C. Riley Snorton, Professor of English Language and Literature, is jointly appointed in the department and the Center for Gender and Sexuality Studies. Snorton is a cultural theorist who focuses on racial, sexual and transgender histories and cultural productions. He is the author of Nobody Is Supposed to Know: Black Sexuality on the Down Low (University of Minnesota Press, 2014) and Black on Both Sides: A Racial History of Trans Identity (University of Minnesota Press, 2017), winner of the John Boswell Prize from the American Historical Association, the William Sanders Scarborough Prize from the Modern Language Association, the Lambda Literary Award for Transgender Nonfiction, the Sylvia Rivera Award in Transgender Studies from the Center for Lesbian and Gay Studies, and an honorable mention from the American Library Association Stonewall Book Award Committee. Snorton is also the co-editor of Saturation: Race, Art and the Circulation of Value (MIT Press/New Museum, 2020).

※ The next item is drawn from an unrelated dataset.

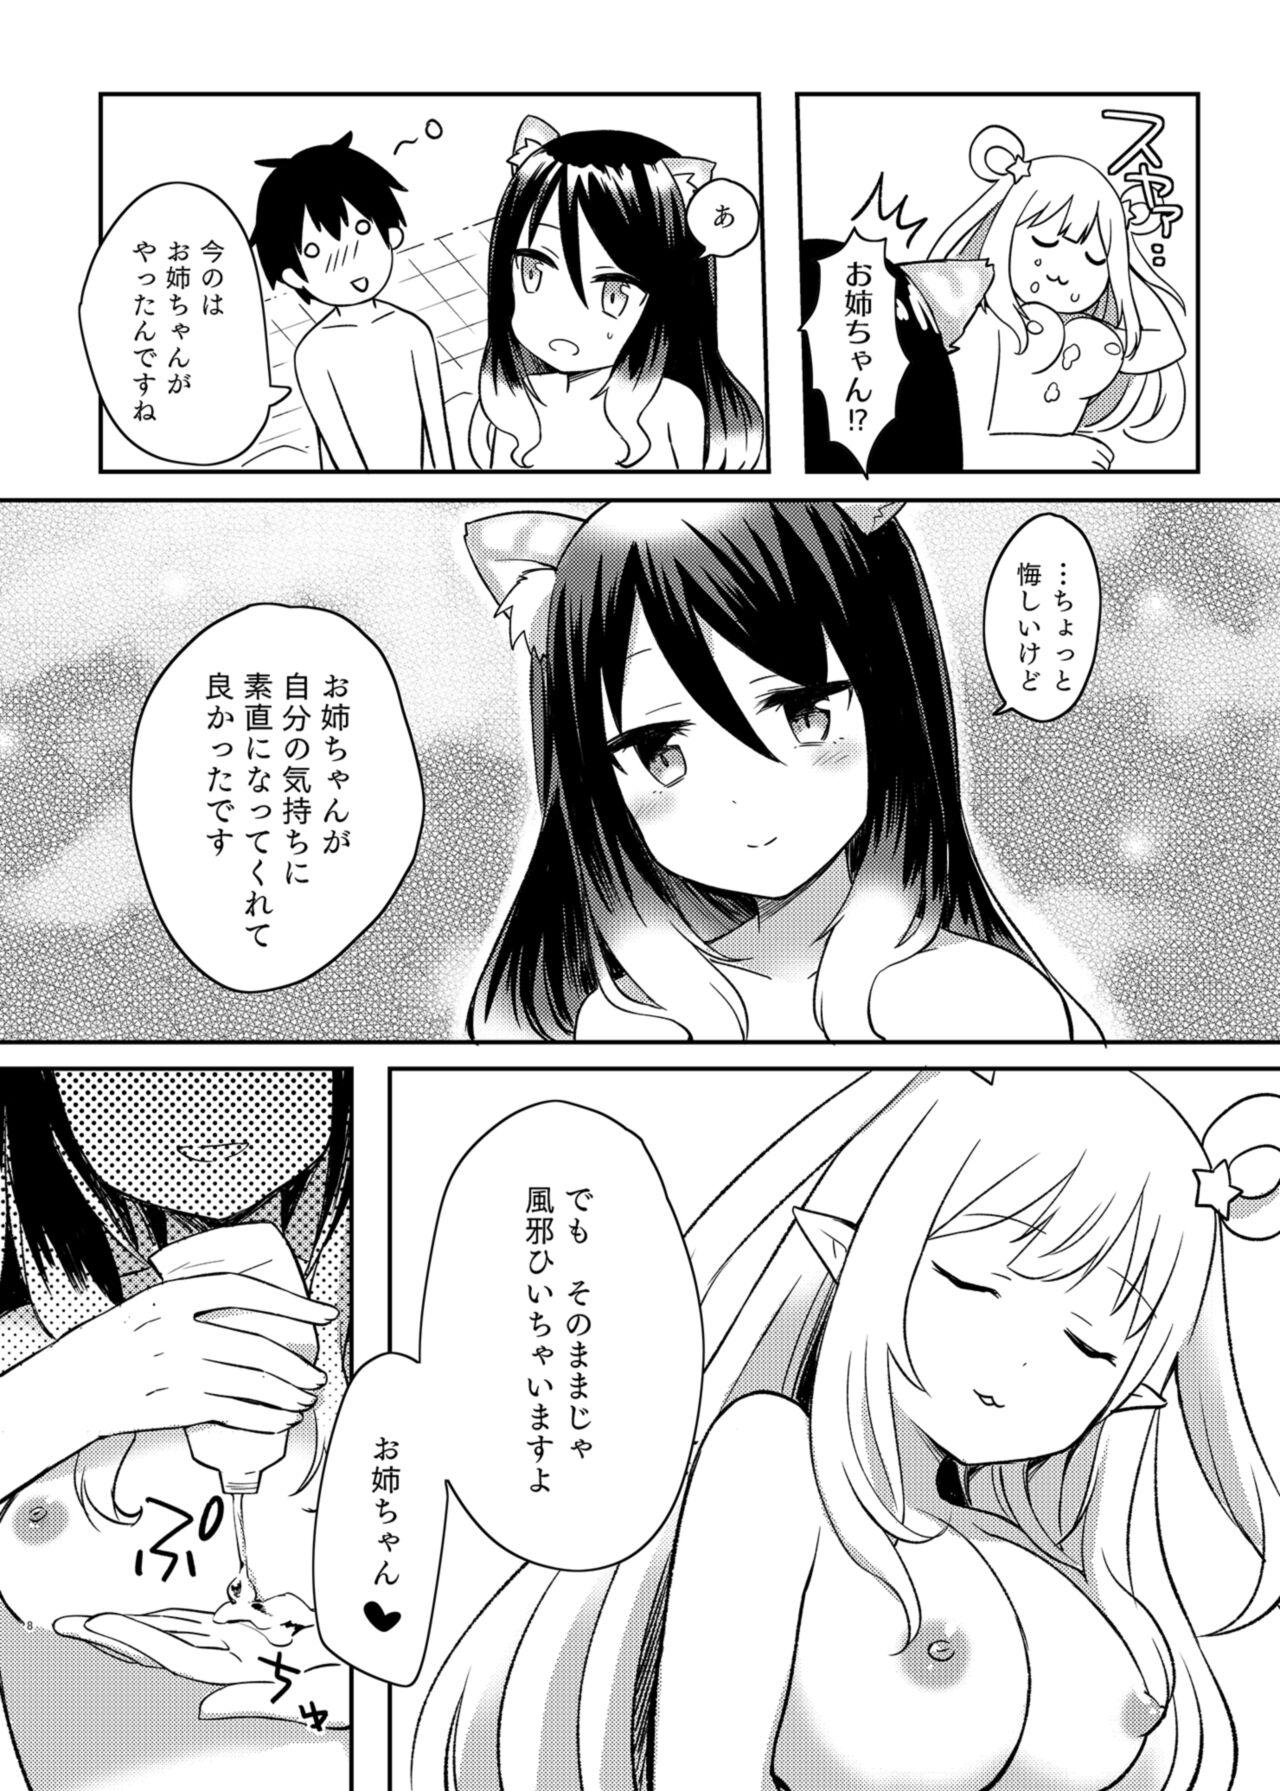 Oldman Hatsune to Shiori no Yukemuri Daisakusen - Princess connect Sextape - Page 8

Snorton’s next monograph, tentatively titled Mud: Ecologies of Racial Meaning examines the constitutive presence of swamps to racial practices and formations in the Americas. Currently, he is coediting The Flesh of the Matter: A Hortense Spillers Reader (forthcoming). He is the co-editor of GLQ: A Journal of Gay and Lesbian Studies (Duke University Press). He has also coedited several special issues of journals, including “Blackness” for Transgender Studies Quarterly (2017), “The Queerness of Hip Hop / the Hip Hop of Queerness” for Palimpsest: A Journal on Women, Gender, and the Black International (2013), and “Media Reform” for the International Journal of Communication.
Snorton has been a recipient of a National Endowment for the Humanities fellowship at the New York Public Library’s Schomburg Center for Research in Black Culture, an Andrew W. Mellon postdoctoral fellowship at Pomona College, and two fellowships at Harvard’s W.E.B. Du Bois Institute for African and African American Research. He received his PhD from the University of Pennsylvania Annenberg School for Communication with graduate certificates in Africana studies and women, gender, and sexuality studies.